Professional Insight

CAS/CIA Report Says Marijuana Decriminalization Not Associated with Notable Rise in Traffic Accidents

Regional changes in the legal rules on using marijuana have affected the insurance risks related to cars. A new report from the Canadian Institute of Actuaries (CIA) and the CAS analyzes the impact of marijuana decriminalization on the vehicular accident experience in Canada and the United States.

The study did not detect any statistically significant impacts of decriminalization on the car accident fatality rate, insurance claim frequency or average cost per claim, particularly over the long term.

Assessing the Impact of Marijuana Decriminalization on Vehicle Accident Experience” finds that there were no significant changes to the trend and seasonal variations in Canadian traffic accidents after the change in legal status. Similarly, the estimated state-wide effects of decriminalization in the U.S. do not show any consistent, significant results that would support a conclusion that decriminalization led to an increase in road accidents or fatalities.

Temporal patterns of human activity (such as yearly, weekly and daily cycles) and inclement weather are much better predictors of the vehicle accident experience than marijuana decriminalization.

Canadian and U.S. data for 2016-2019 were used in the study, including official reports on collisions of private vehicles and losses in Canada, fatal accidents and weather factors in the U.S.  For each data source, statistical and machine learning models were chosen to account for different sources of variability.

The analysis of 10 Canadian regions accounted for the regional differences and modeled a baseline linear trend that was also observed in the pre-legalization data alone.

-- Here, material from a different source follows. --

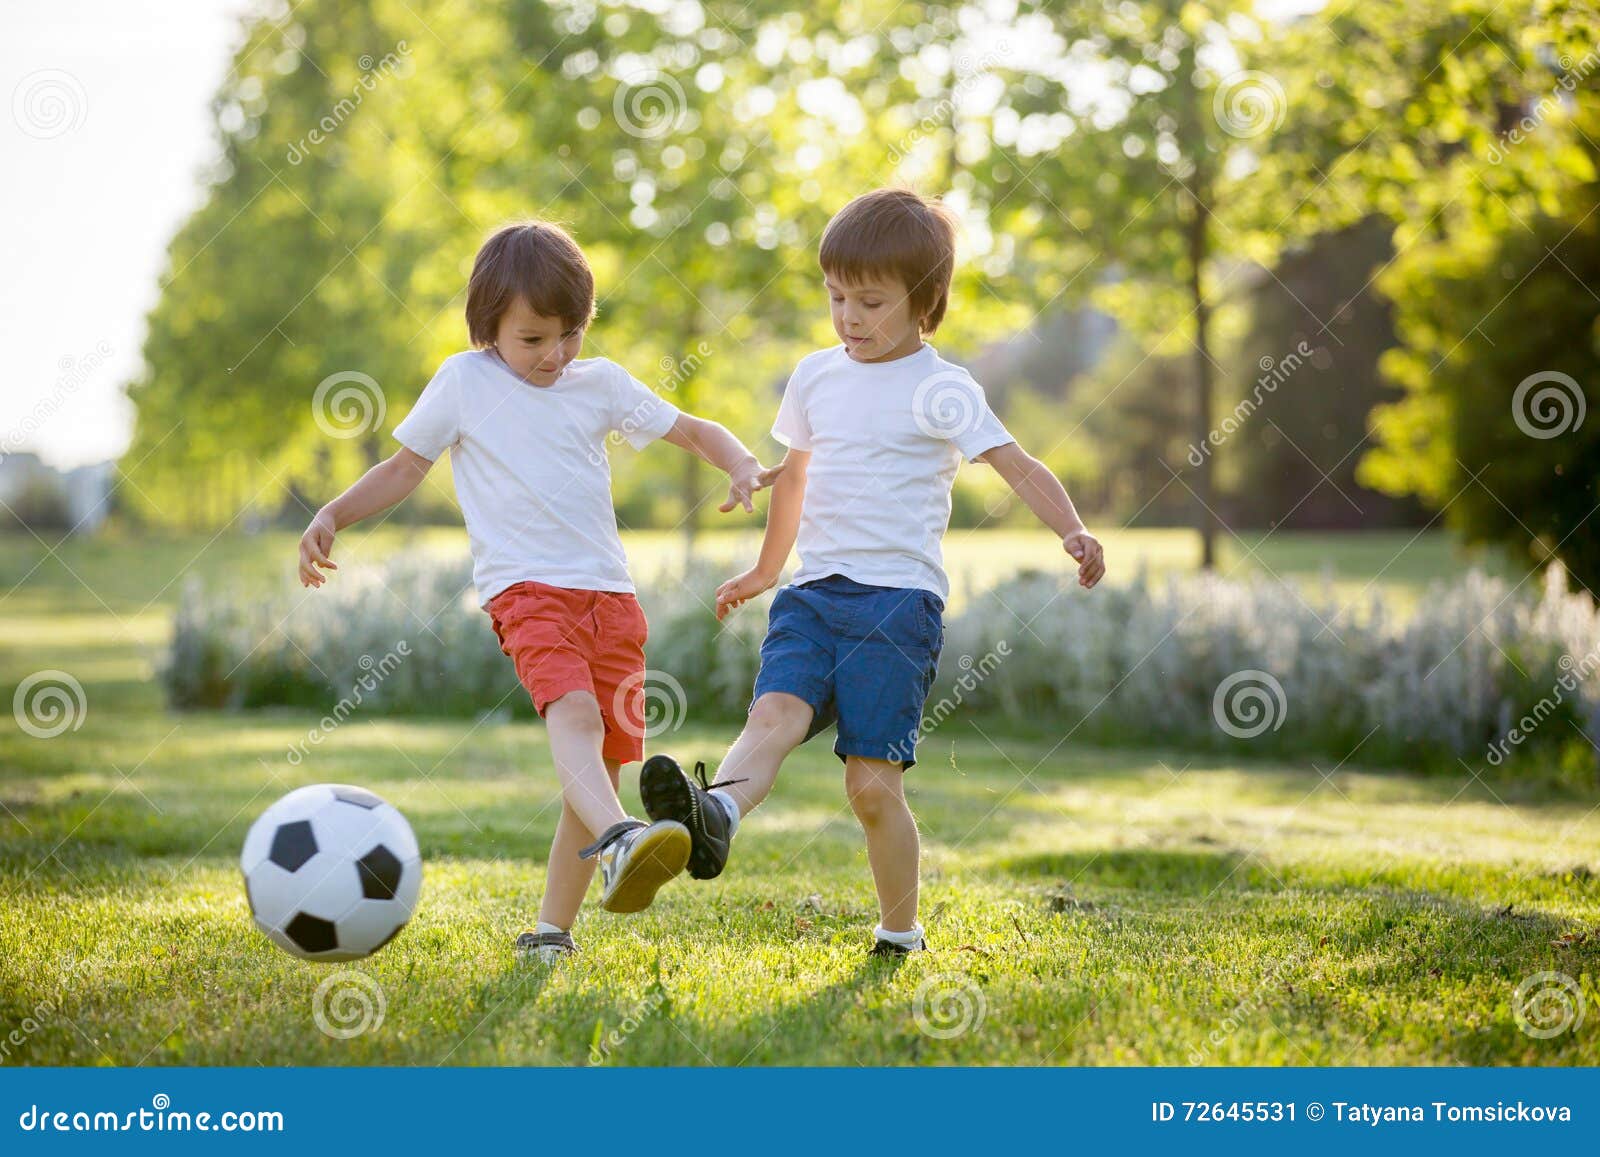 Гулять в футбол играть. Дети играющие в мяч. Мальчик играет в мяч. Мальчики играющие в мяч. Подростки играют в мяч.

The analysis showed no statistically significant changes in the average cost per claim or claim frequency after marijuana legalization in Canada. The quarterly data available for Québec led to similar findings.

The U.S. results varied by the state pair selected as the control in statistical comparisons. The tests for the decriminalization effect on fatalities failed to detect a statistically significant change. The machine learning techniques also allowed the author to account for other factors, including the weather and annual and weekly patterns of fatalities.

The study overcomes the limitations and disadvantages of earlier research on the effects of marijuana decriminalization by incorporating novel data-driven methodologies that do not rely on the linearity of relationships or parametric inference.

“The methods used in this research include improved statistical models, machine learning and other data science techniques. The models used high-resolution weather data to account for the effects of weather factors,” says the report author, Dr. Vyacheslav Lyubchich.